José Enrique “Chelique” Sarabia (13 March 1940 – 16 February 2022) was a Venezuelan poet, musician, publicist, and television producer. He wrote more than 1000 songs registered at the Society of Authors and Composers of Venezuela (SACVEN), also has been one of the most successful Venezuelan musicians of the 20th century, recognized universally for being the author of “Ansiedad” (1958), which was recorded by Nat King Cole and later covered by Viktor Lazlo for her compilation album Sweet, Soft N' Lazy. In addition, he is the author of songs that comprise the Venezuelan cultural heap such as "Cuando no sé de ti" (When I Don't Know About You), "Chinita de Maracaibo", "No te muerdas los labios", "Piragüero", "Ayúdame", "Te Necesito", "Mi Propio Yo", and "En este País".

==Career==
Sarabia was born in La Asunción, Isla Margarita, Venezuela on 13 March 1940. In the 1960s, he became an independent musical producer, involving RCTV program Club Musical, where he discovered artists like José Luis Rodríguez, the sisters Rosa Virginia and María Teresa Chacín, "Los Impala", Las Aves Tronadoras, Henry Stephen and Cherry Navarro.
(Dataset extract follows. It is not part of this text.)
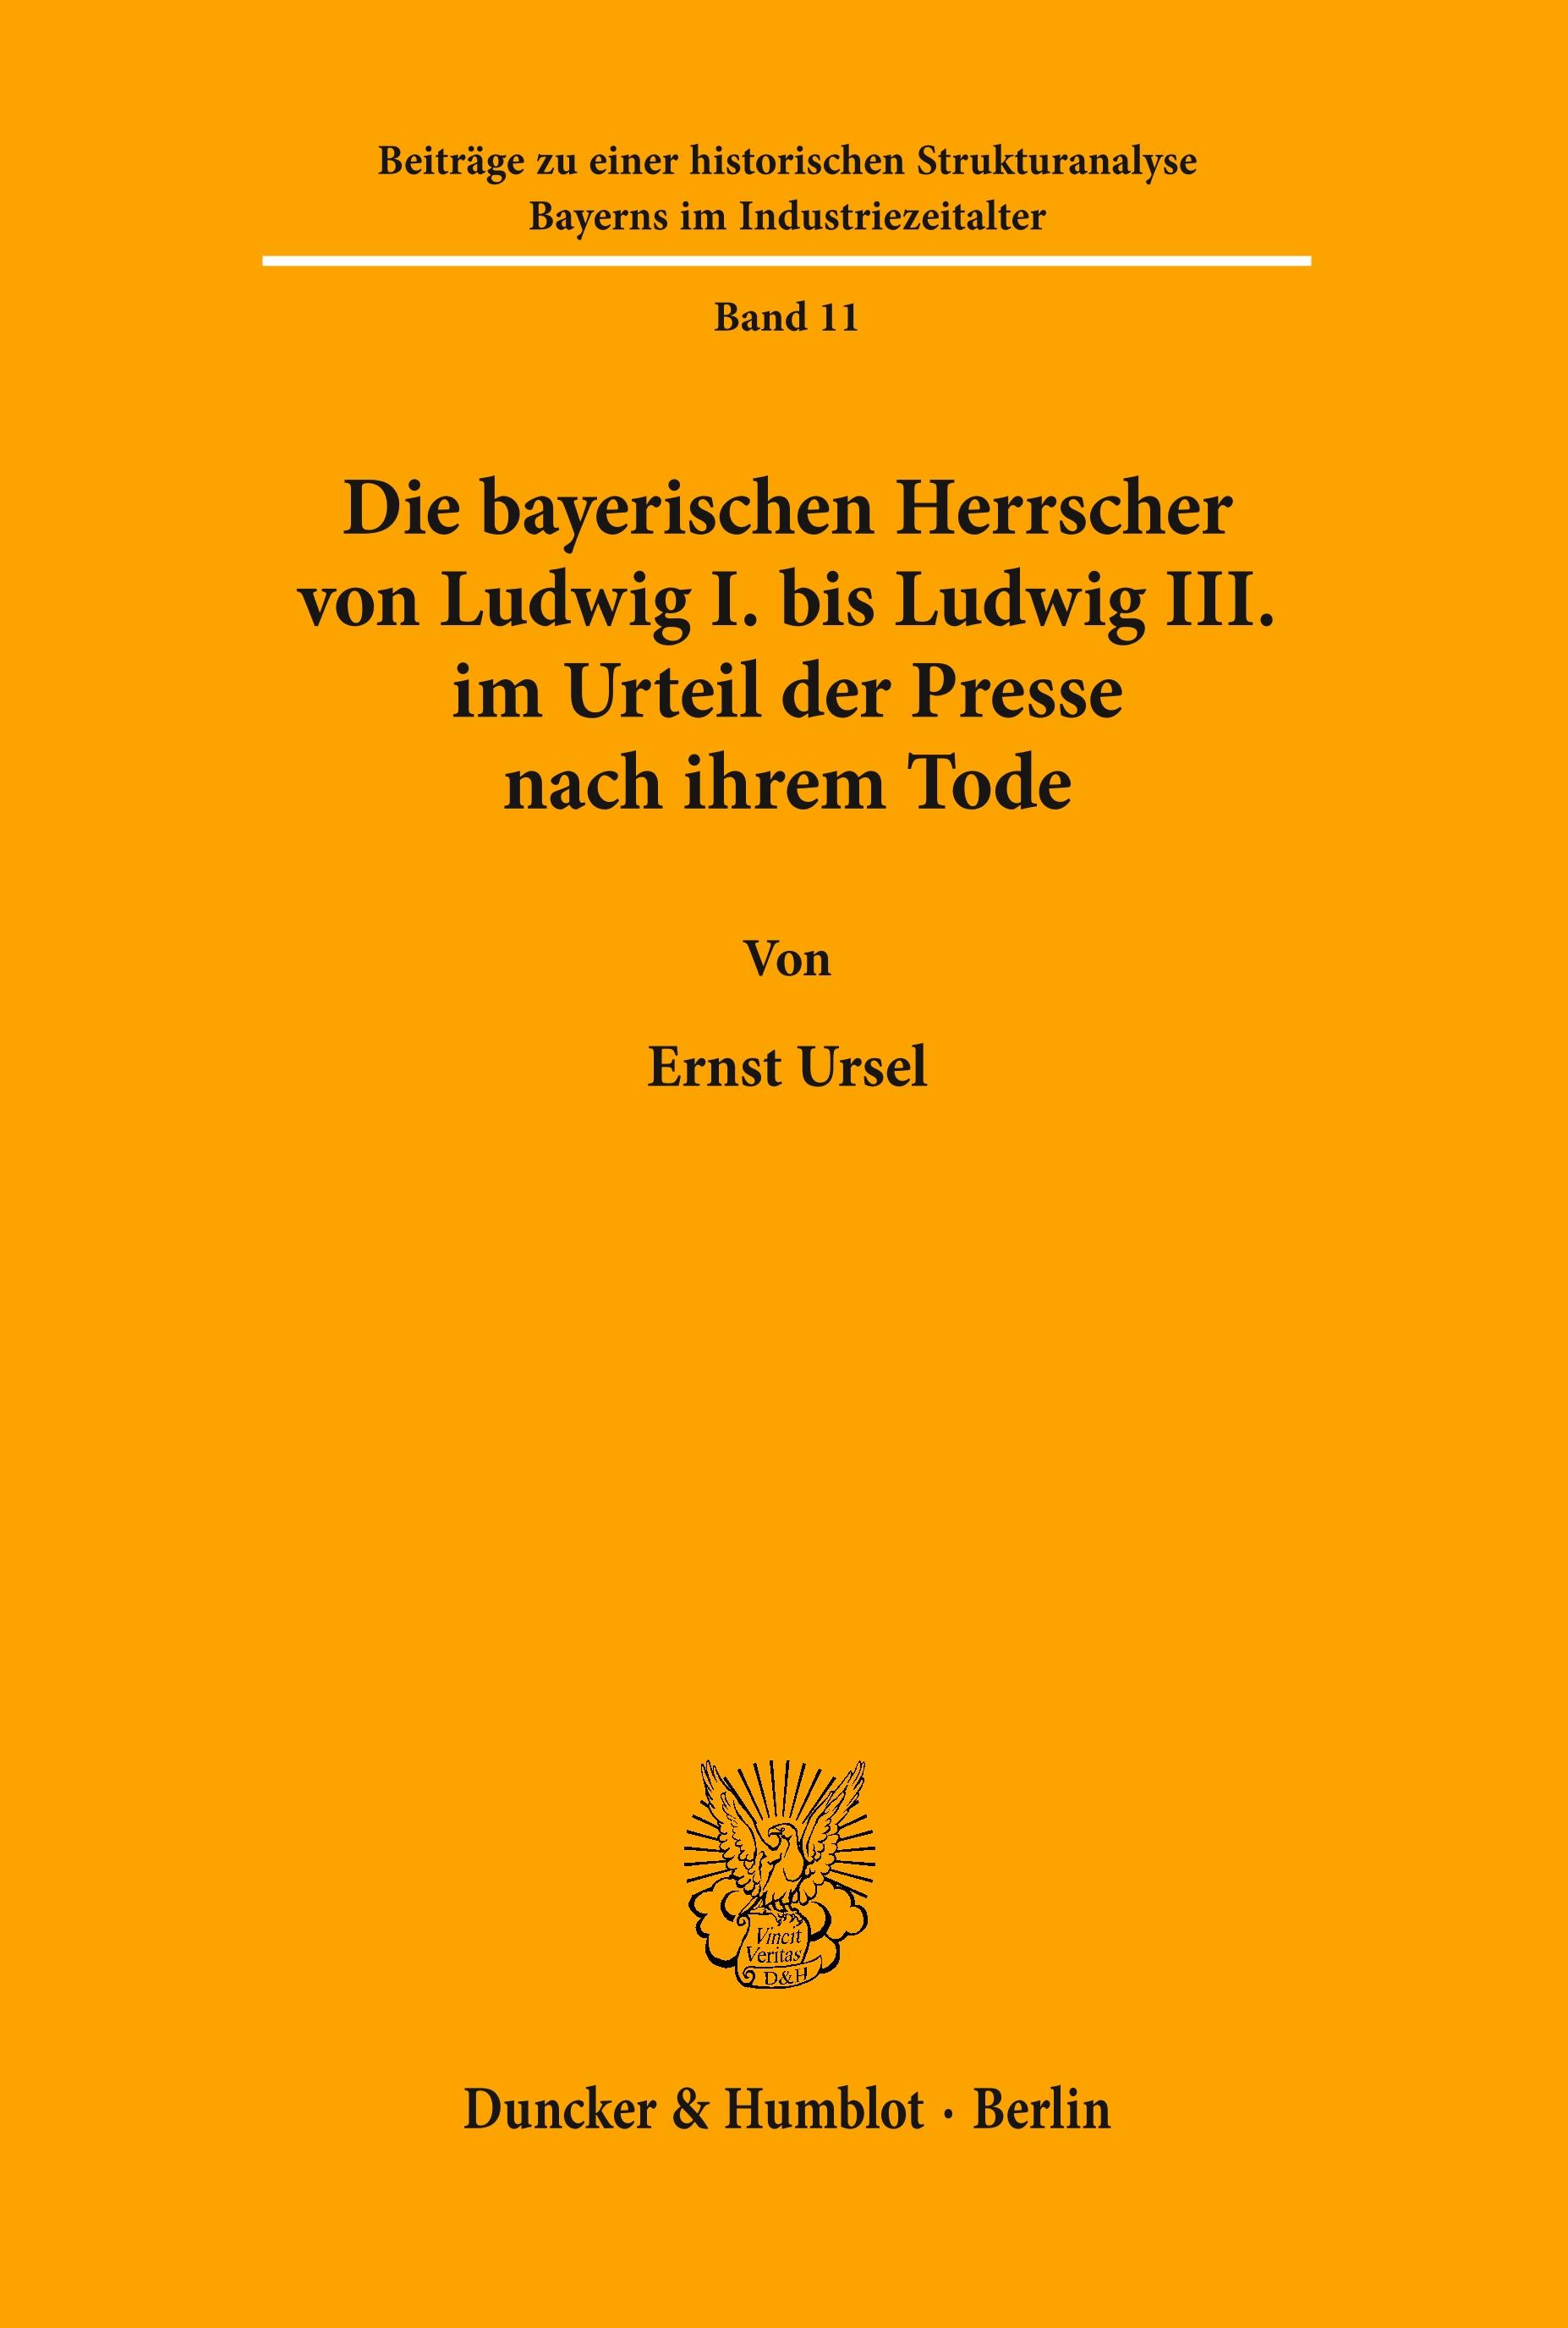 Die bayerischen Herrscher von Ludwig I. bis Ludwig III. im Urteil der Presse nach ihrem Tode. - Ernst Ursel

In 1971, he recorded an album of traditional and folkloric songs but giving them a modern touch, using specially developed equipment based on the principles of the Moog. Chelique employed traditional instruments like the cuatro and the bandola llanera, filtered these instruments through oscillators, playing with feedback, tape delay, synthesized frequencies, echoing sounds. The result was Revolución "Electrónica" en Música Venezolana. Originally, the album was sponsored by the Shell Company in Venezuela, given away to customers, employees, and friends of the company as a Christmas gift in 1973. It was titled 4 Fases del Cuatro - Música Venezolana desarrollada Electrónicamente por Chelique Sarabia (4 Phases of Four - Venezuelan Music Electronically Developed by Chelique Sarabia). Once the exclusivity period with the petrol company was over, Chelique did a commercial release, this time under the name of Revolución "Electrónica" en Música Venezolana (Electronic Revolution in Venezuelan Music). Thanks to this, Chelique and his team were considered electronic music pioneers in Latin America.

In 1973, he composed the song "El caminante", which became the anthem for the presidential campaign of Carlos Andrés Pérez and Acción Democrática. He died on 16 February 2022, at the age of 81.